Dernier regard et l’inspecteur Javert se précipita en avant, le pistolet à la main et la peur panique l’empêchant de réfléchir correctement.

Oui, Valjean était heureux. Cette relation qu’il vivait avec Javert ne ressemblait en rien aux autres. Ce n’était pas une histoire de sexe, étincelante, certes, mais sans profondeur. Ce n’était pas une rivalité entre deux hommes luttant pour la domination de l’autre. Ce n’était pas une dilettante, une simple histoire d’amour qui s’attiédissait durant l’absence.

Non, c’était quelque chose de merveilleux, de magique et de fragile. C’était les sourires partagés, les soirées d’échanges sans contrainte, c’était les jeux sans compétition, c’était un amour sincère qui demandait des preuves tangibles.

Valjean et Javert s’aimaient. C’était indéniable.

Jean et Fraco s’aimaient. Ils se l’étaient déjà avoué mais cette fois c’était authentique. Valjean le sentait. Il n’avait pas connu cela durant ses autres vies, entre les bras des autres Javert…

L’amour…

Des mois heureux.

Vraiment heureux.

Jusqu’au coup d’arrêt.

Javert était parti pour le poste de Pontoise. Le policier devait jongler entre son commissariat de rattachement, la préfecture et la Sûreté...et les quelques heures qu’il offrait bénévolement au chef du Bureau, Vidocq. Il se fatiguait mais cette vie lui convenait.

Plus de nouveau plongeon dans la Seine. Bien que parfois, un regard mélancolique ternissait les vitraux de glace que formaient les yeux de l’inspecteur.

Valjean aimait enfin...et se sentait aimé…

Ils avaient fait l’amour ce matin-là avant que Javert s’en aille pour son poste. Un amour doux et passionné, un amour qui rendait tellement heureux Jean Valjean. Avant de quitter la maison, l’inspecteur Javert, dans son uniforme raide et sanglé, avait saisi le forçat avec ardeur pour l’embrasser profondément.

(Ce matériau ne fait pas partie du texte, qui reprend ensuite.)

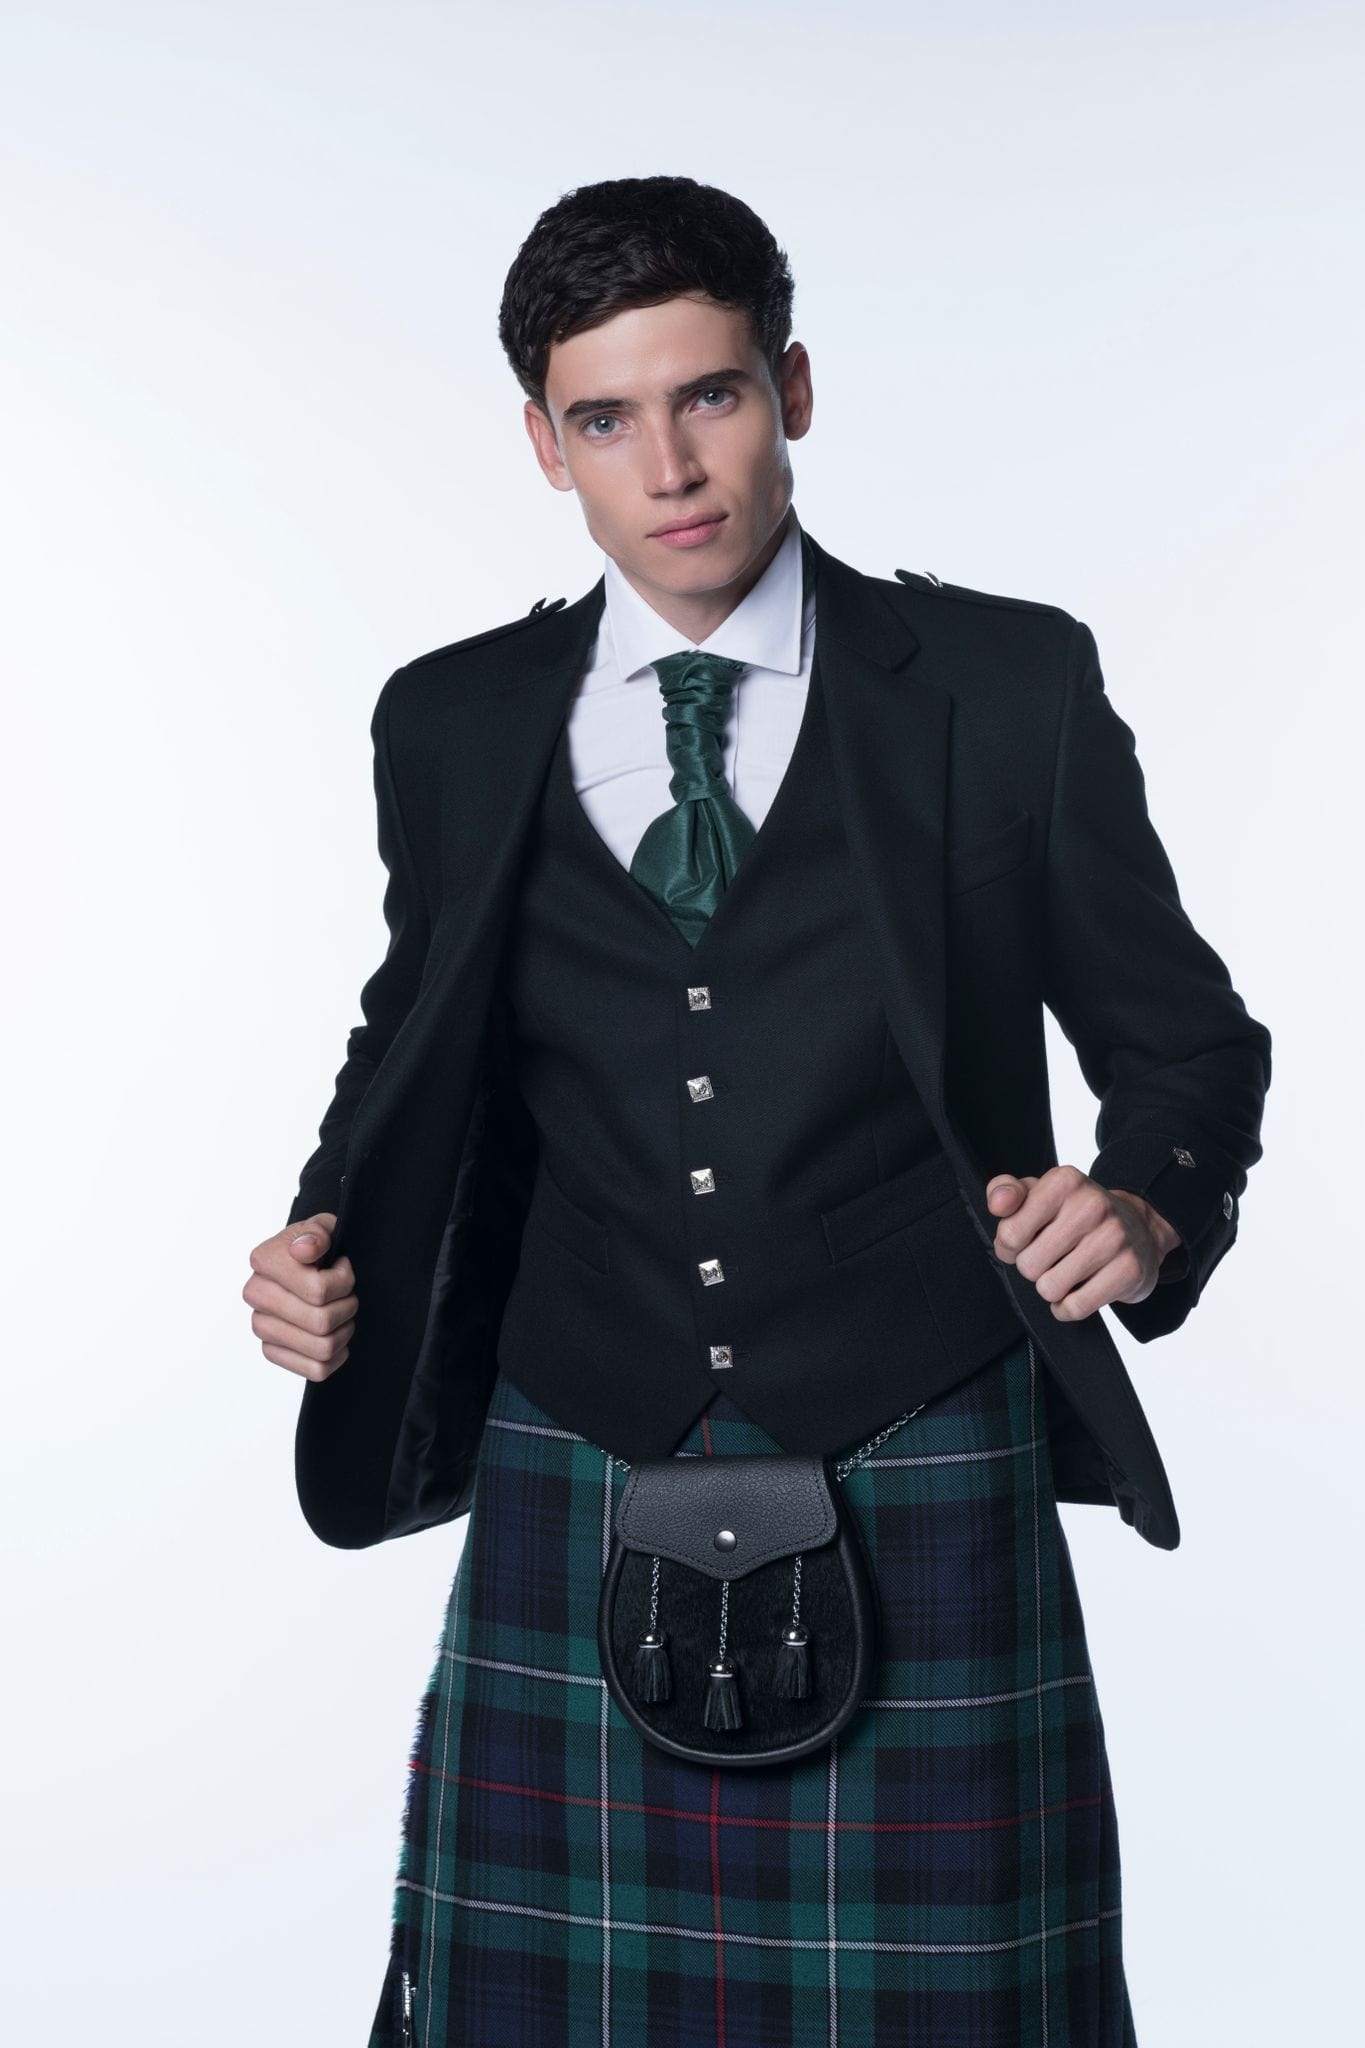 Argyll Kilt Jacket and 5 Button Waistcoat - MacGregor and MacDuff

Valjean avait laissé courir ses doigts dans les cheveux de l’inspecteur. Serrant et caressant. Se laissant aimer, désirer, caresser…

« Je t’aime, souffla le forçat dans le creux de l’épaule du policier.

- Mhmmmm, à ce soir Jean... »

L’inspecteur Javert disparut et laissa Valjean à ses occupations tranquilles. Lire, jardiner, se reposer et attendre son retour…

La journée se déroulait selon ce programme en effet lorsque la porte du salon fut violemment ouverte. Valjean ne sut pas comment réagir, il jeta un regard effaré sur la fenêtre mais on ne lui laissa pas le temps de s’évader.

Quatre bras le saisissaient violemment et le jetèrent sur le canapé. Et un sourire, diabolique, apparut dans l’encadrement de la porte.

« Comme on se retrouve monsieur le philanthrope ! Une belle maison le birbe !

- Qui êtes-vous ?, tenta maladroitement Valjean.

- JE SUIS THENARDIER ! »

Maladroit, mais Valjean ne savait pas comment agir. Il devait réfléchir et réfléchir vite. Trois hommes se tenaient devant lui. Thénardier était au centre, efflanqué comme un loup et tout aussi dangereux que l’animal.

Thénardier souriait, prenant son temps, examinant le salon dans lequel il se trouvait. Valjean le contemplait. Puis, sur un mouvement vif, le vieux forçat se redressa, prêt à se battre.

Mais les deux brutes le saisirent à nouveau.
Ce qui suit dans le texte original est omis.